Expat Tax - Expat Forum For Expats, For Moving Overseas And For Jobs Abroad

There is a separate forum for this.

"This [...] forum is for tax related queries and discussions for expats living in Canada. This includes US tax reporting requirements, FBAR and FATCA. Please post any tax and finance threads in this new section and *not in the main forum*."


----------



## BenJG (Dec 20, 2011)

Sorry!
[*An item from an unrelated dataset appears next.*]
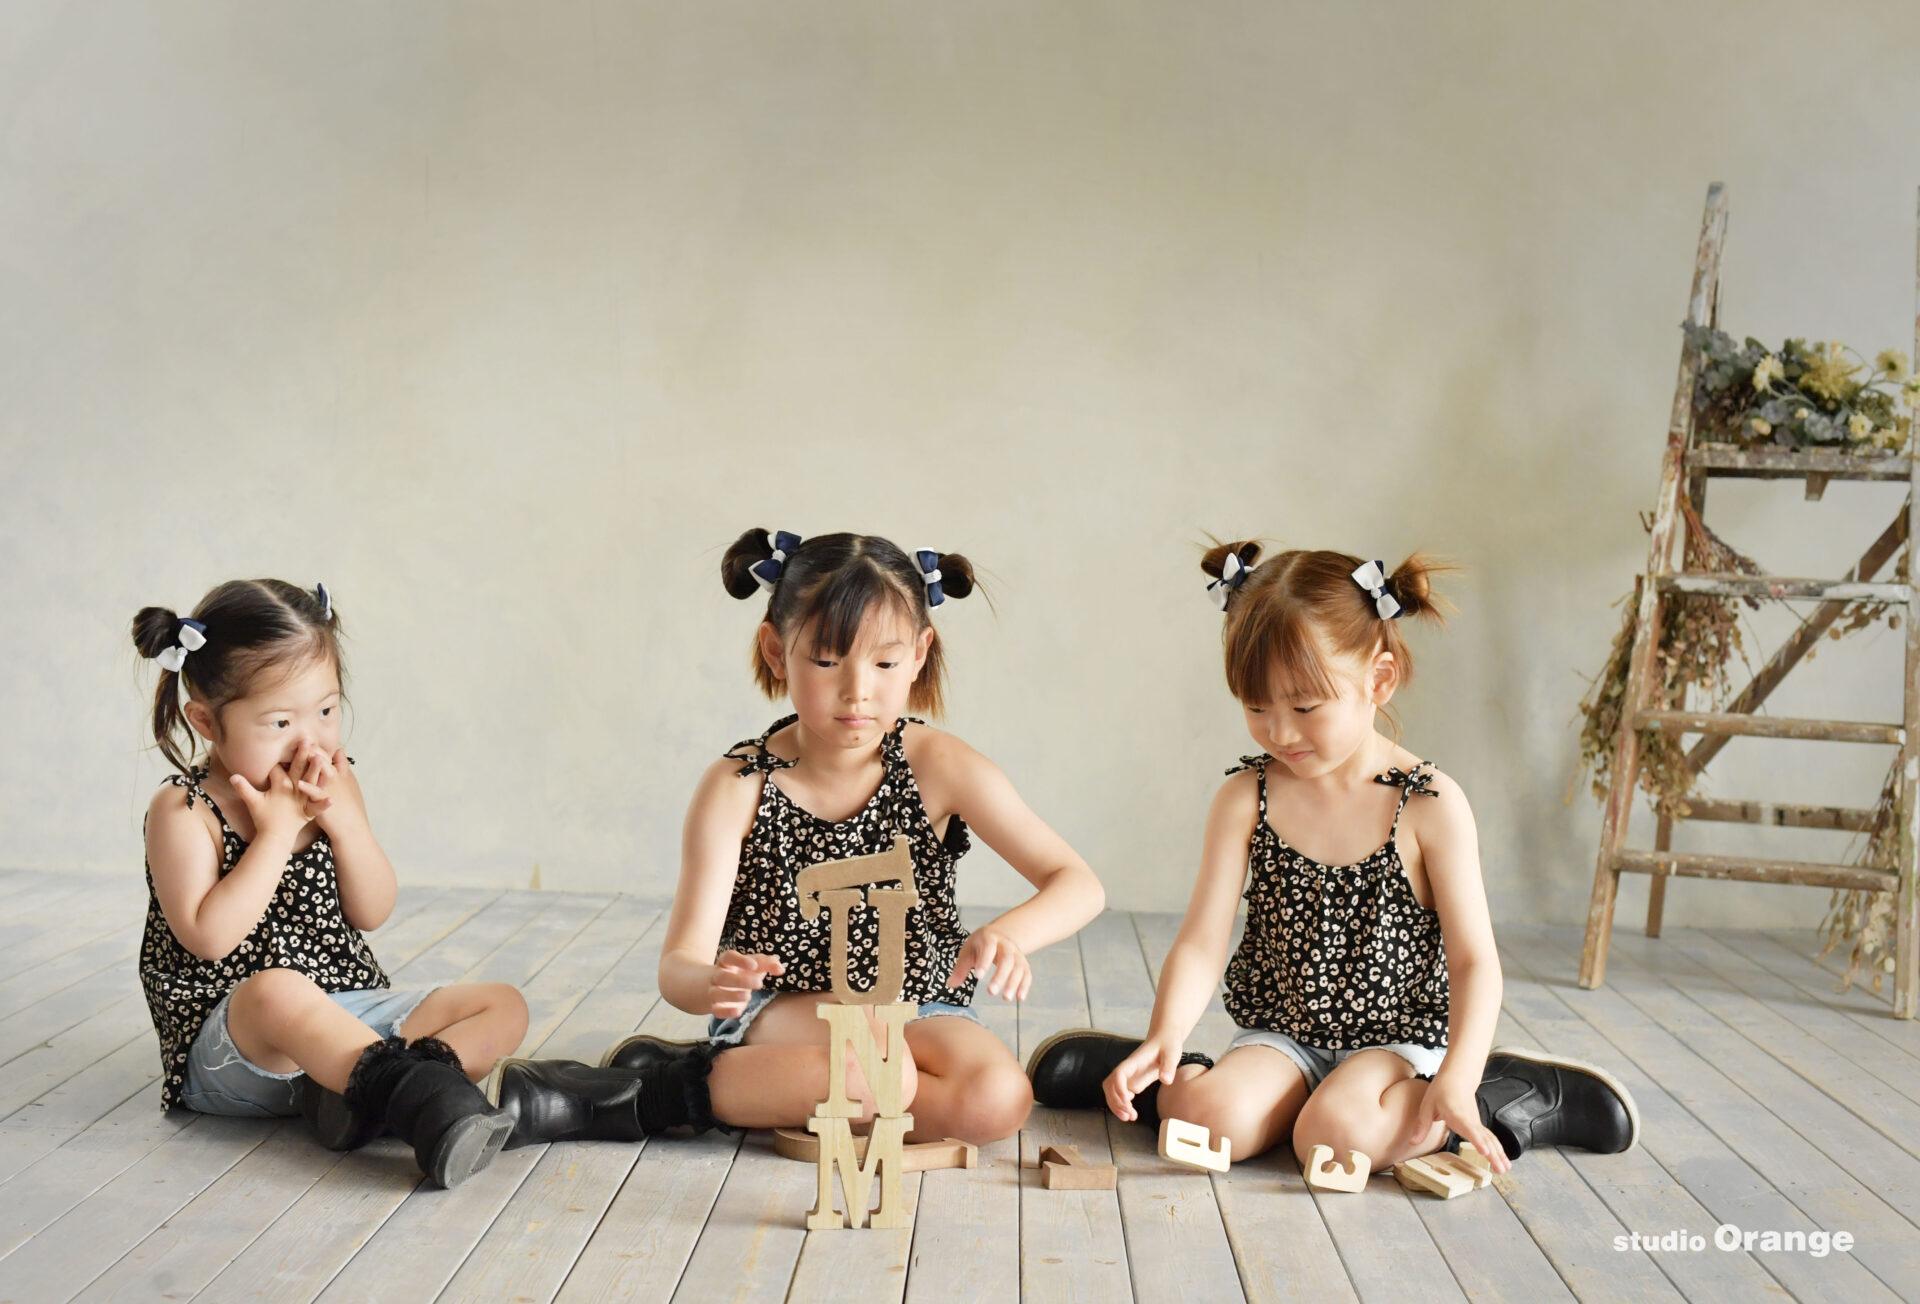 フォトスタジオ 3姉妹 私服

Will repost in the right forum.


----------



## Nightsoad (May 30, 2012)

Good day all, 

I started filing my tax report last year and I discovered recently that I must file the FBAR for 2011 and I should have done it last year as well. 

Is there any real risk of penalty if I file lately for 2010 or should I not take the risk to report it ? 

What are the chances that the IRS will know about it ? Has anyone ever been contacted by them ? Do they really control and apply penalties or is it just a threat ? 

For how many years in the past would the IRS control an individual reporting ? 

Many thanks in advance for your replies.


----------



## Nightsoad (May 30, 2012)

Nightsoad said:


> Good day all,
> 
> I started filing my tax report last year and I discovered recently that I must file the FBAR for 2011 and I should have done it last year as well.
> 
> ...


... Sorry I'm in the wrong discussion....


----------